• Chi siamo
  • Attività
  • Video
  • Archivio
  • Sostienici
  • Statuto
  • Organi
  • Contatti
Email:
[email protected]
Fondazione San BenedettoFondazione San Benedetto
  • Chi siamo
  • Attività
  • Video
  • Archivio
  • Sostienici
  • Statuto
  • Organi
  • Contatti

Fissiamo il Pensiero

  • Home
  • Fissiamo il Pensiero
  • L’appiattimento del mondo ci ha distrutti, perché mi interessa CL

L’appiattimento del mondo ci ha distrutti, perché mi interessa CL

  • Data 3 Settembre 2023

Intervista a Olivier Roy da ilsussidiario.net 23 agosto 2023 

 

Olivier Roy è politologo e professore di scienze politiche nell’Istituto Universitario Europeo di Firenze. Autore di numerosi saggi sulla religione e sull’islam in particolare, il suo ultimo libro, L’aplatissement du monde: la crise de la culture et l’empire des normes sarà pubblicato da Feltrinelli nel 2024. Prima del suo intervento al Meeting di Rimini, ha accettato di rispondere alle nostre domande e di parlarci di quella che chiama la trilogia “deculturazione, codificazione, normatività” che oggi struttura la nostra società e che sta portando a una crisi del legame sociale.

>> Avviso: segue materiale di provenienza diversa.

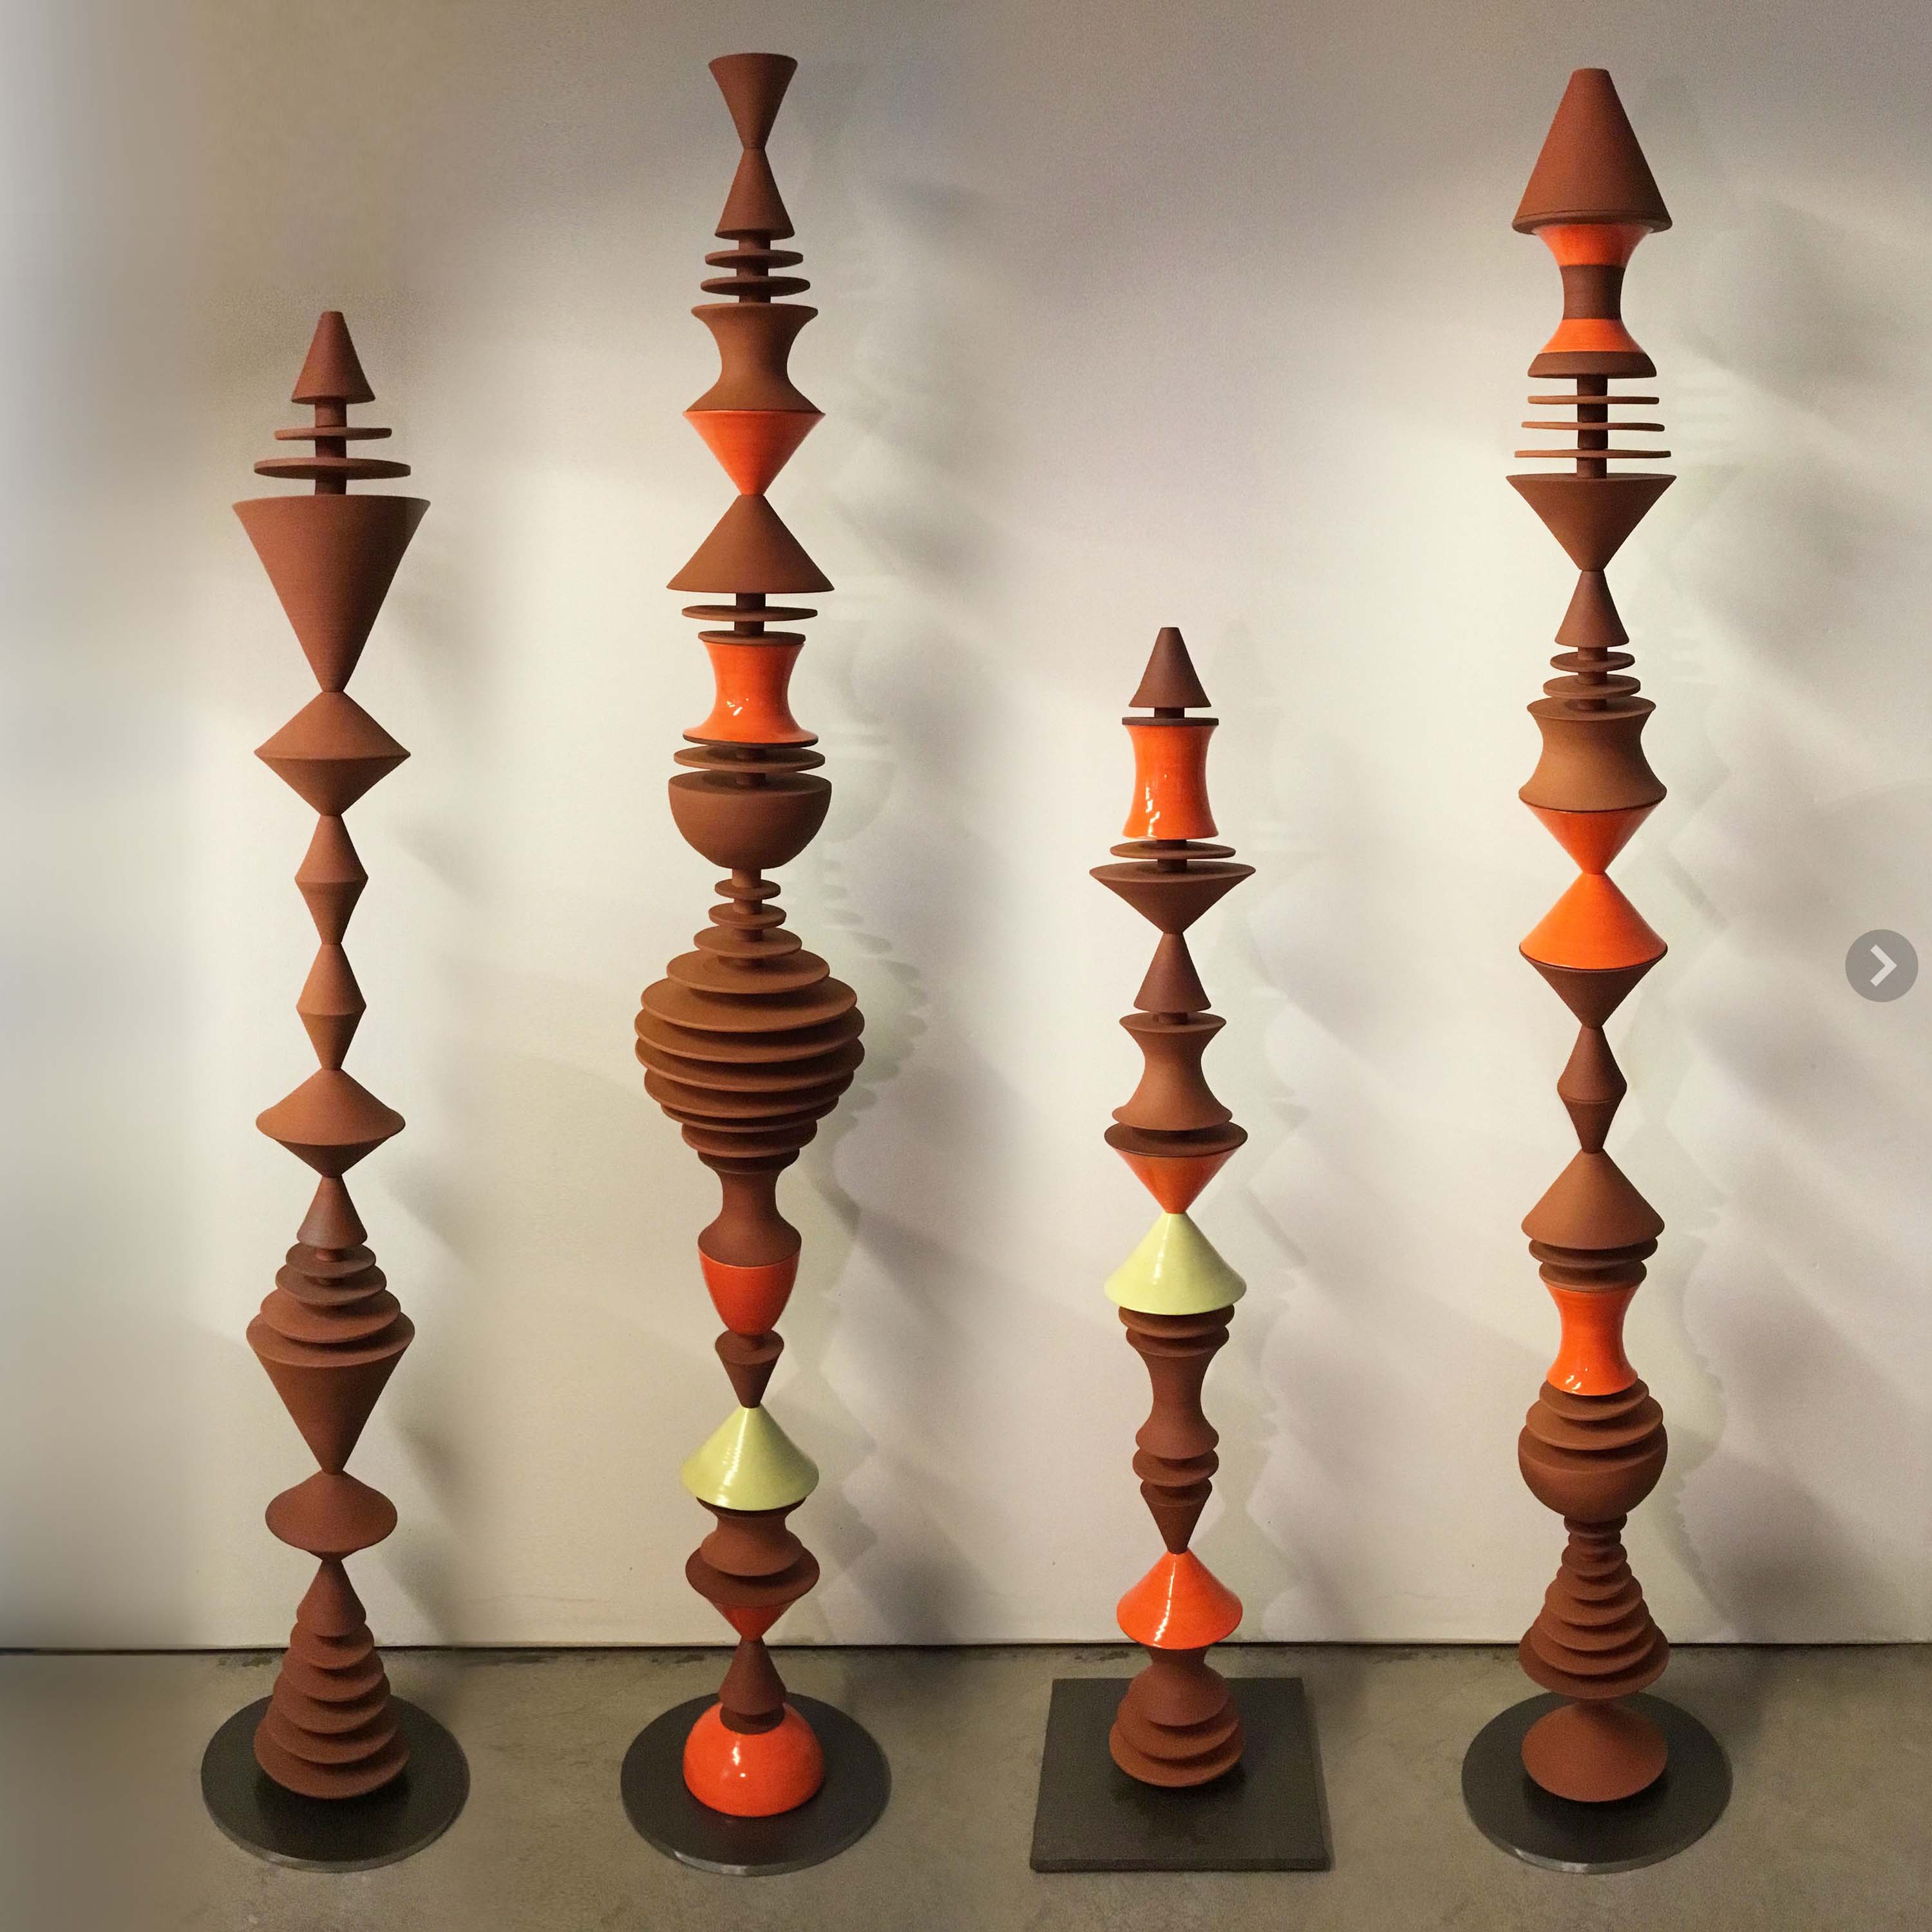 Ceramic sculptures, composed from modular handmade pieces. With a nod to mid-century modern, the geometric forms repeat playfully, complementing modern interiors and architecture. 11 to 60 inches tall, stoneware, pottery decor.

Il titolo del suo libro sembra una dichiarazione di intenti. Il termine “appiattimento” è forte. Il sottotitolo fornisce una chiave di lettura: la crisi della cultura e l’impero delle norme. Cosa intende per appiattimento del mondo? 

Appiattimento significa orizzontalità, cioè scomparsa della trascendenza ma anche di ciò che sta sotto. Questo può essere ovviamente interpretato in senso religioso, ma non solo. Sotto, ad esempio, c’è l’inconscio nel senso freudiano del termine. Il nazionalismo, le nostre radici, l’umanesimo come ce lo spiega Kant, ma anche Dio, sono forme di trascendenza. L’orizzontalità, il livellamento di tutto, ha una conseguenza importante che è la scomparsa dell’implicito, il tema principale del mio libro. Se non c’è inconscio o peccato originale, se non c’è qualcosa che spiega noi stessi, che agisce su di noi, se non c’è più trascendenza, allora non c’è più mistero e, soprattutto, non ci deve essere mistero.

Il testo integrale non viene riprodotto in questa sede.